Strategy playbooks are everywhere—models can sketch market moves in minutes, and many large operators chase the same “top-five” priorities. The edge is shifting to two things: how much change an organization can absorb and how quickly it can move once a decision is made.
Exposure Is Showing Up in Leaders’ Own Words
- “Too many areas of our product strategy have been designated as priorities. This has caused operational inefficiency and a strain on resources,” said Kevin Plank, CEO of Under Armour.
- Similarly, Procter & Gamble’s CFO, Andre Schulten, emphasized the need for focus: “We’re staying disciplined—fewer, bigger, better initiatives so we don’t dilute execution.”
Research supports these concerns: According to Prosci, more than half of large companies already operate at—or beyond—their capacity for new initiatives. Meanwhile, Gartner identifies “project overload” as one of the top barriers to achieving digital outcomes.
Even the Best Strategies Can Break Down During Execution

- A common culprit is the decision backlog—initiatives are approved but left unfunded or delayed indefinitely, causing momentum to stall.
- Conflicting scorecards can also undermine progress, as teams chase metrics that don’t align across departments, leading to confusion and misaligned priorities.
- Then there are the people signals—a drop in engagement, rising frustration, and the onset of change fatigue, all of which quietly erode the organization’s ability to execute.
It’s no surprise that 70% of large transformations miss their targets—most often because timelines stretch and resources fragment.
A Quick Capacity Check
A quick way to assess your team’s capacity is to step back and map out what’s already in motion:
- List every initiative slated for the next 12 months
- Score each one with a rough estimate of effort or lead time
- Sequence initiatives by value × feasibility, and pause low-impact work
- Run in two-week rhythms so plans move quickly from concept to execution
Walmart used a similar approach when piloting its InHome delivery service in three cities.

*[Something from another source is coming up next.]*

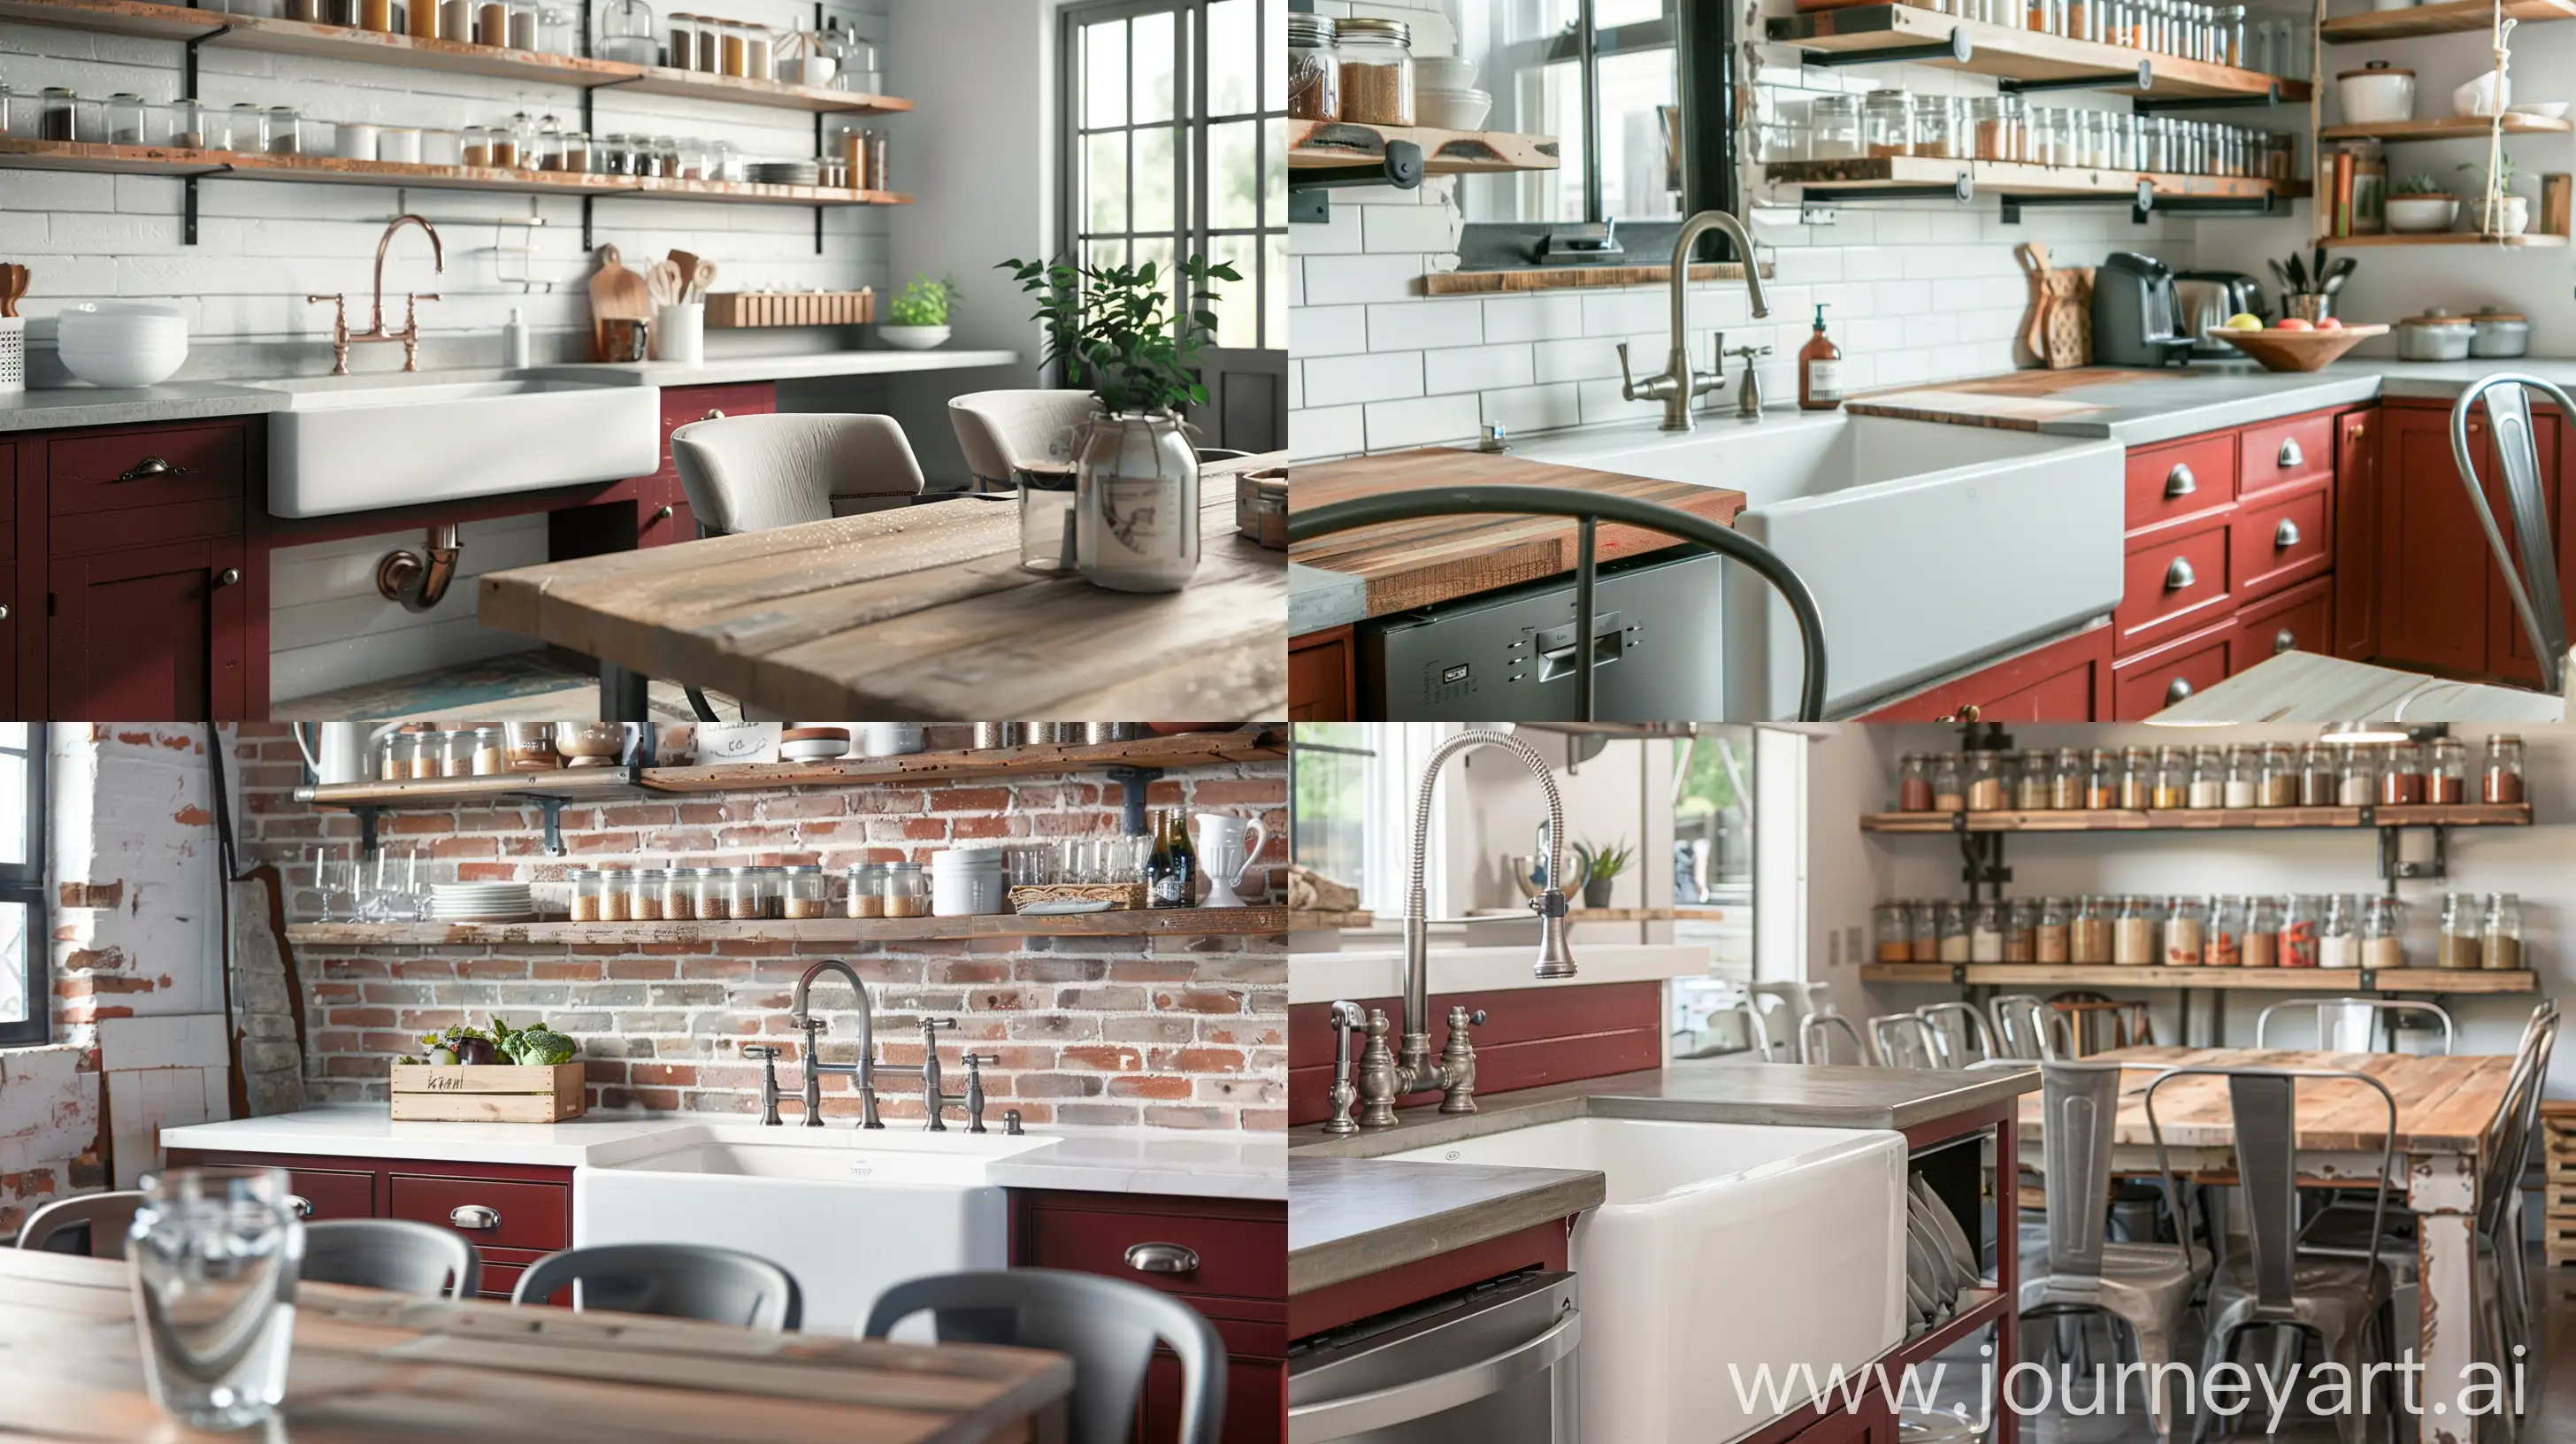 Modern Farmhouse Kitchen Room. Imagine a farmhouse sink, open shelving showcasing mason jars, and a large reclaimed wood dining table with industrial-style chairs, Warm rustic red, farmhouse white, and brushed stainless steel. These colors create a harmonious blend of old and new. --ar 16:9

After validating labor and routing capacity, they scaled nationwide in under six months—boosting route density and improving efficiency along the way.
Speed Now Carries a Premium
Under Armour’s promise to cut its style count by 25 percent signaled sharper focus; analysts pressed for timing and milestones, and shares rallied once the roadmap was clear. Companies reporting integrations ahead of schedule increasingly earn an execution premium, while firms citing overload face tougher questions on guidance.
A simple Path from Idea to Value

Ideas are everywhere—but value goes to the teams that manage capacity, stay focused, and move fast.
More leaders are now asking, “Can we absorb this?” before “Is it a good idea?” The shift from strategy to execution is real—so how are you testing your team’s capacity and speed today?